*** Opening Dataset section ***

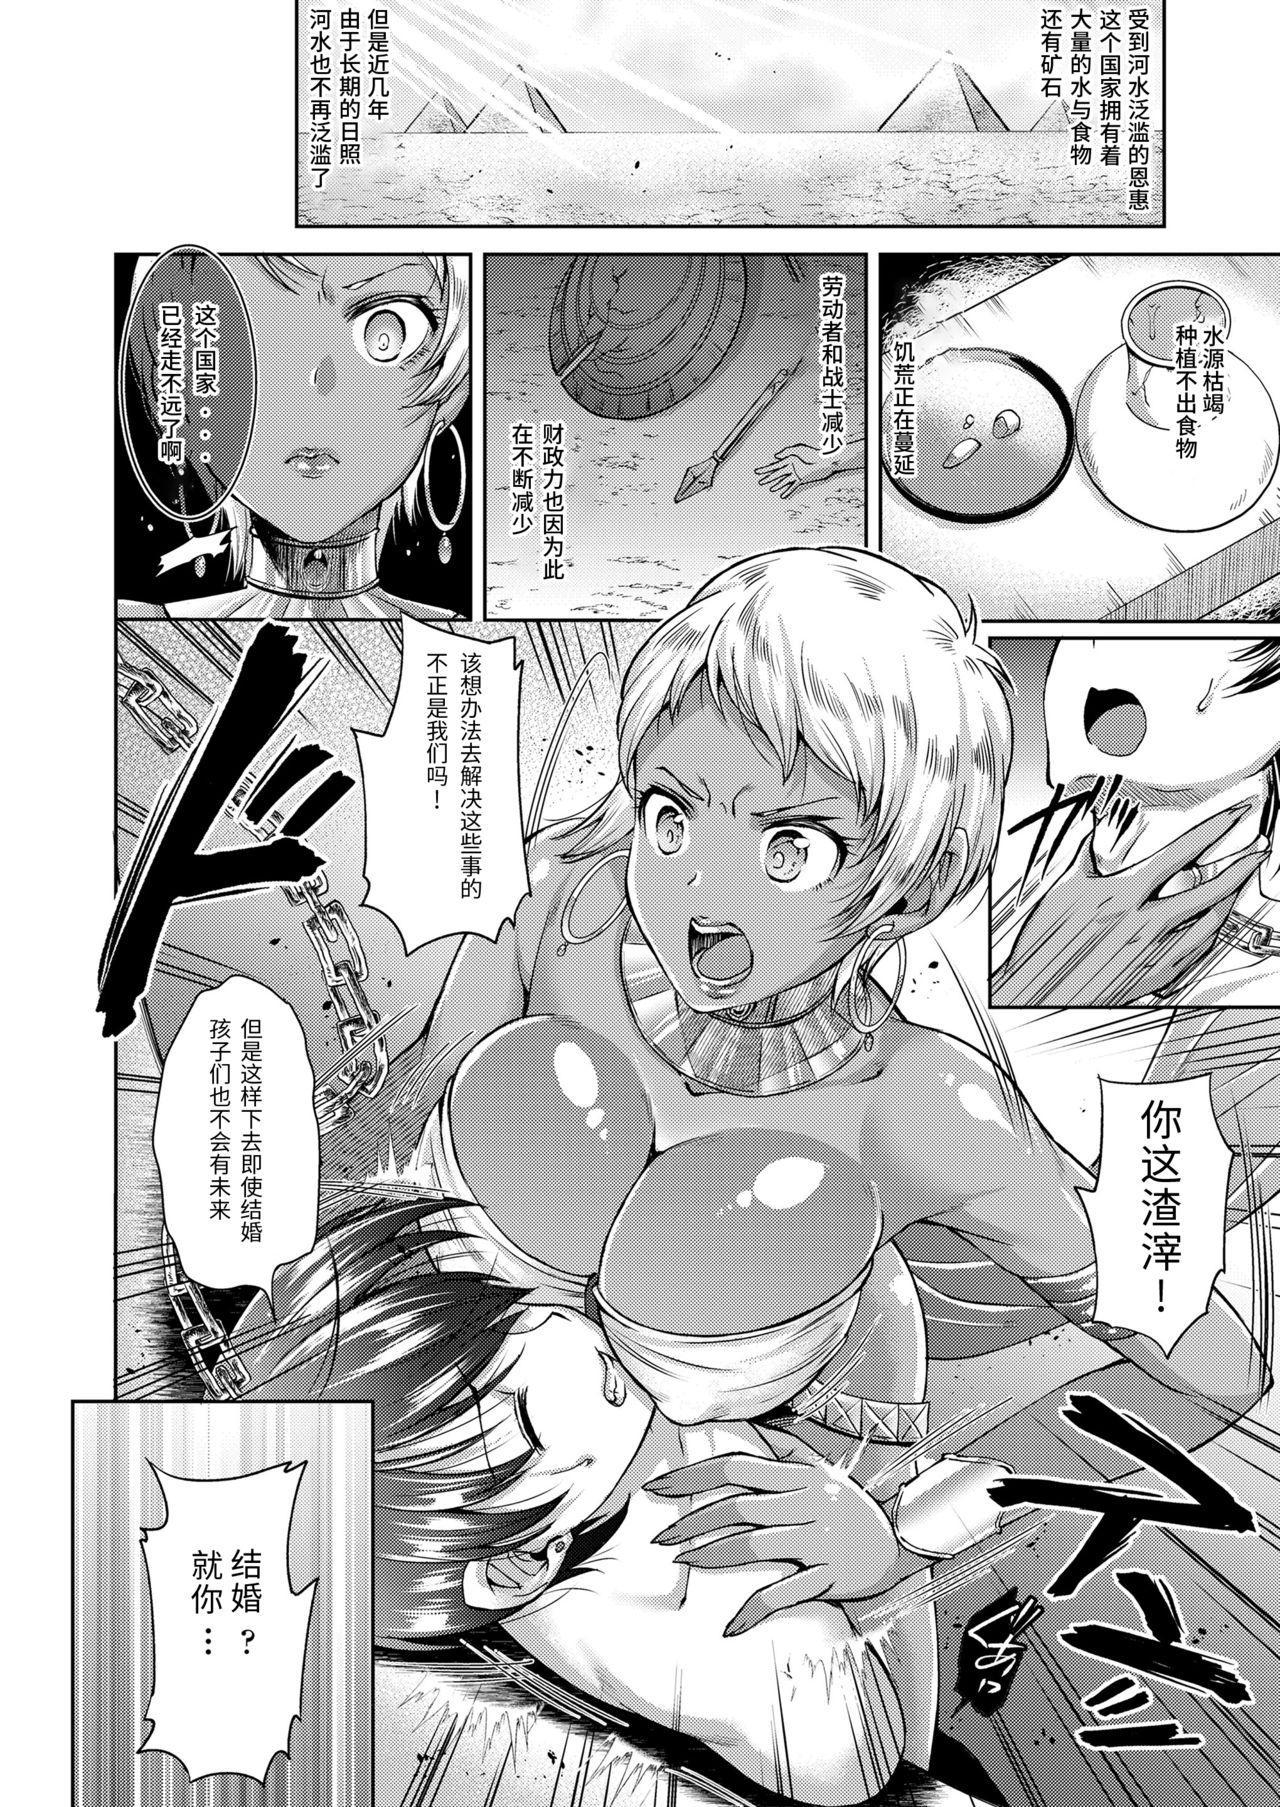 Nigasanai Hanasanai EXODUS 4
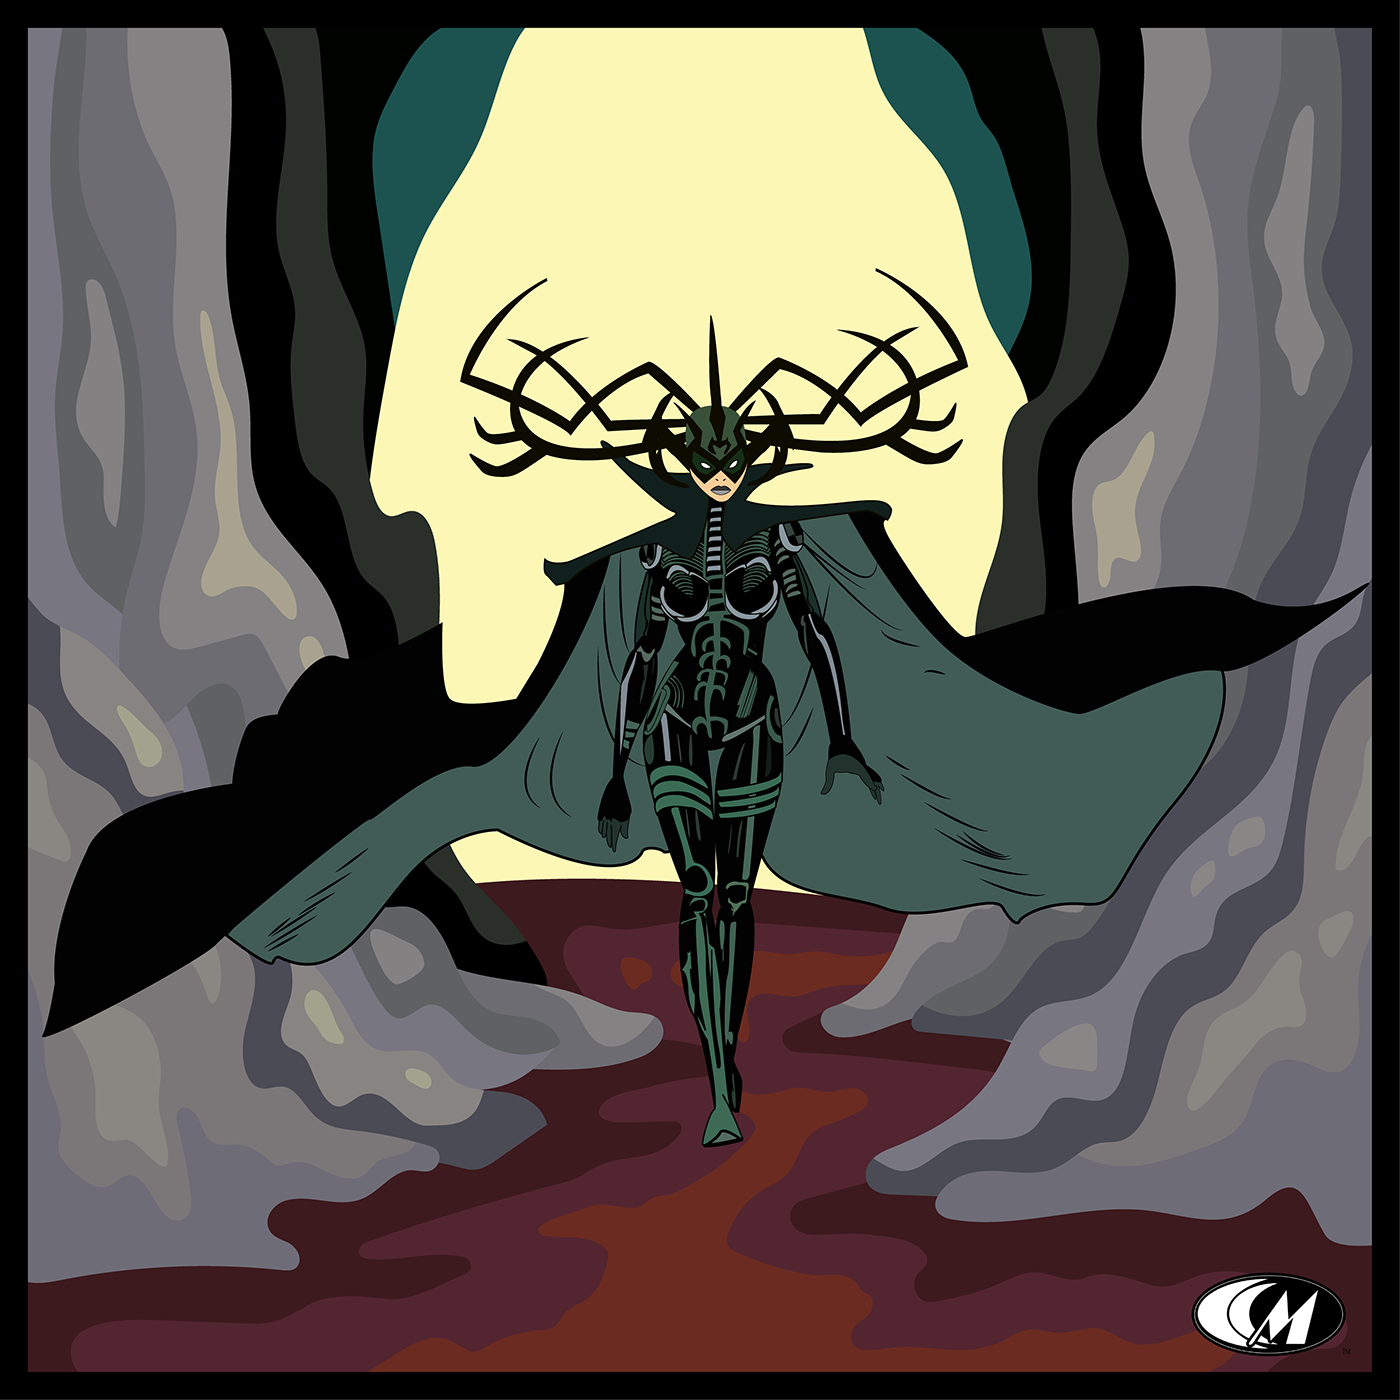 ILLUSTRATION  Digital Art  graphic design  death Thor goddess marvel blood asgard
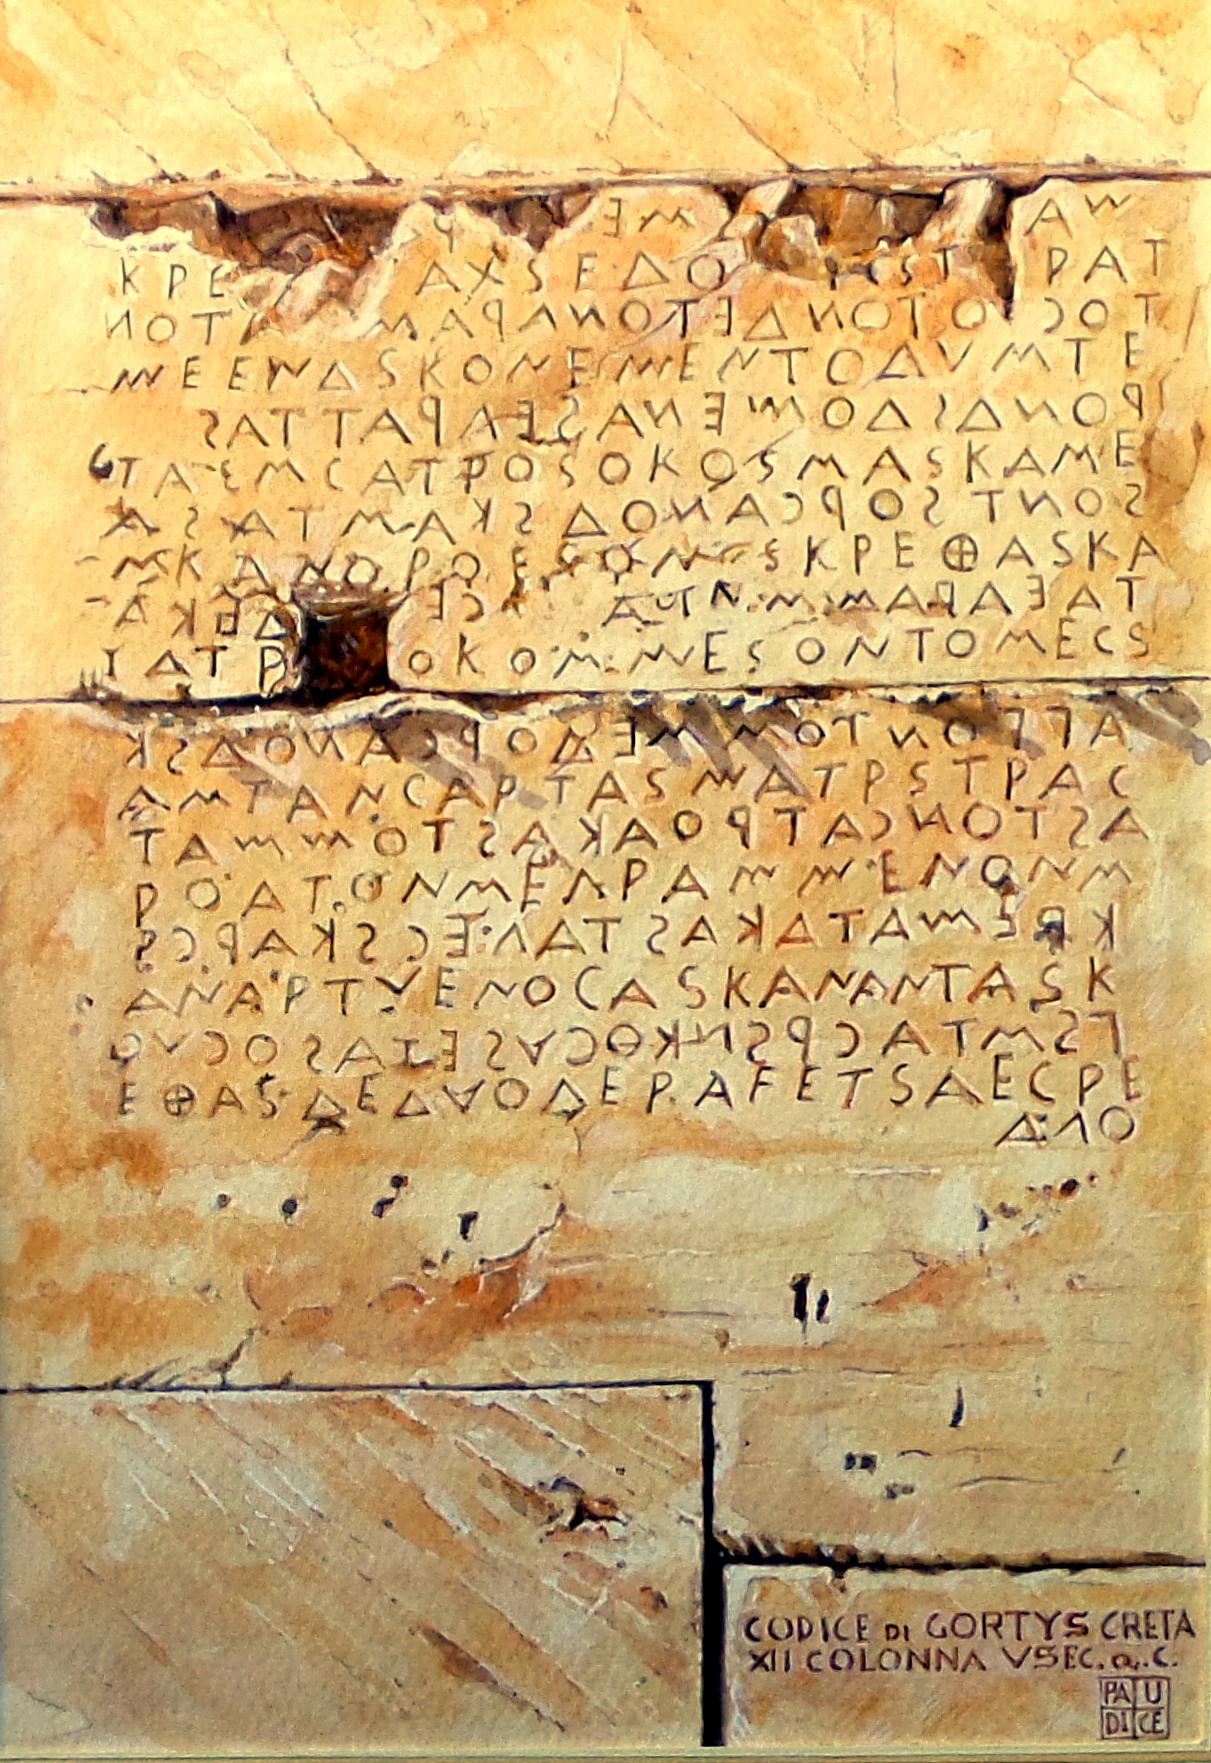 Vincenzo Paudice - Gortyna, Codice di Gortys

*** Closing Dataset section ***

## Task directions
The result should be an exact copy of the material, containing no pictures.

## Expected answer
 Nigasanai Hanasanai EXODUS 4
 ILLUSTRATION  Digital Art  graphic design  death Thor goddess marvel blood asgard
 Vincenzo Paudice - Gortyna, Codice di Gortys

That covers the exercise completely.